- Object Services -- These are
domain-independent interfaces that are used by many distributed object
programs. For example, a service providing for the discovery of other
available services is almost always necessary regardless of the
application domain. Two examples of Object Services that fulfill this
role are:
- The Naming Service -- which allows clients to find
objects based on names;
- The Trading Service -- which allows clients
to find objects based on their properties.

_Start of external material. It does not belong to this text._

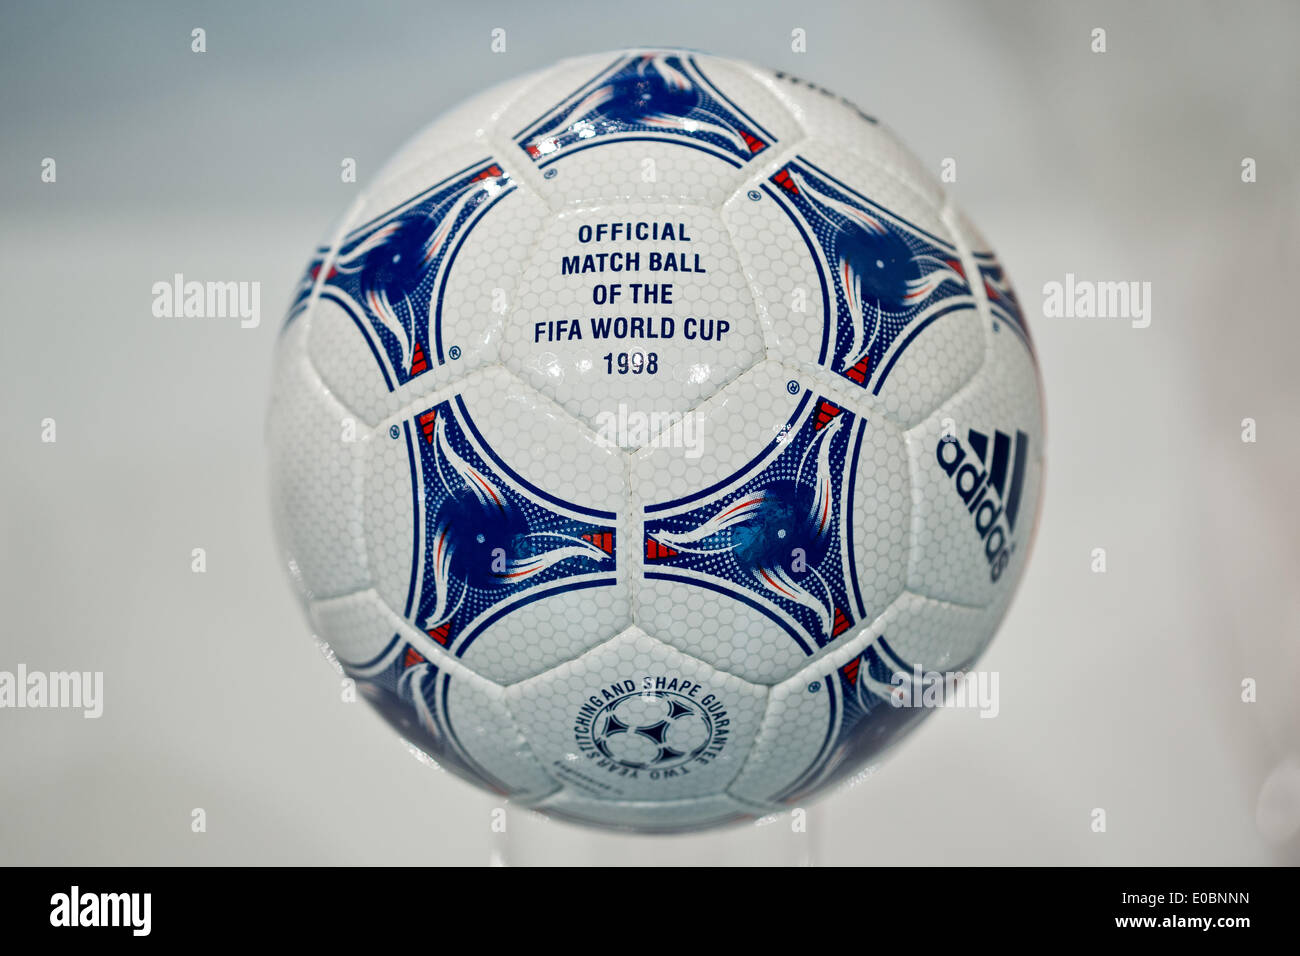 Fürth, Allemagne. Le 08 mai, 2014. L 'Tricolore' ballon de football qui  était le ballon officiel de la coupe du monde de football 1998 en France  est représenté au cours de l'assemblée
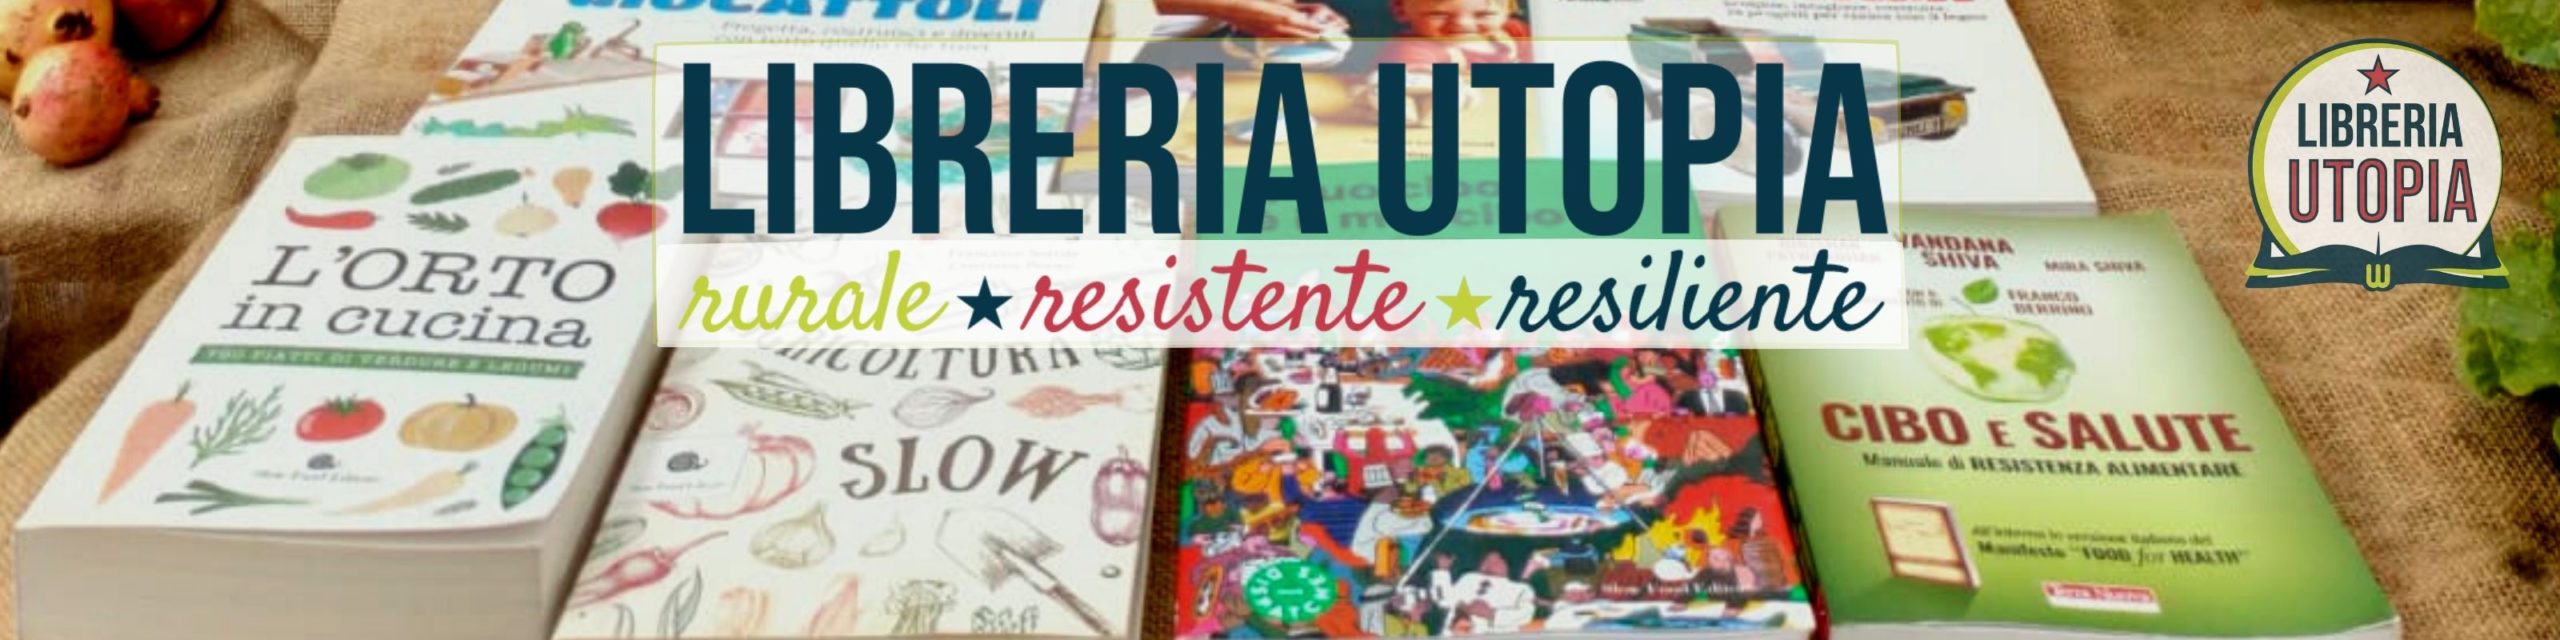 Fiera del libro permanente in Libreria Utopia Pratica! - Libreria Utopia  Pratica

There are also Object Service specifications for lifecycle management,
security, transactions, and event notification, as well as many others
[OMG:95b].
- Common Facilities -- Like Object Service interfaces,
these interfaces are also horizontally-oriented, but unlike Object
Services they are oriented towards end-user applications. An example
of such a facility is the Distributed Document Component
Facility (DDCF), a compound document Common Facility based on
OpenDoc. DDCF allows for the presentation and interchange of objects
based on a document model, for example, facilitating the linking of a
spreadsheet object into a report document.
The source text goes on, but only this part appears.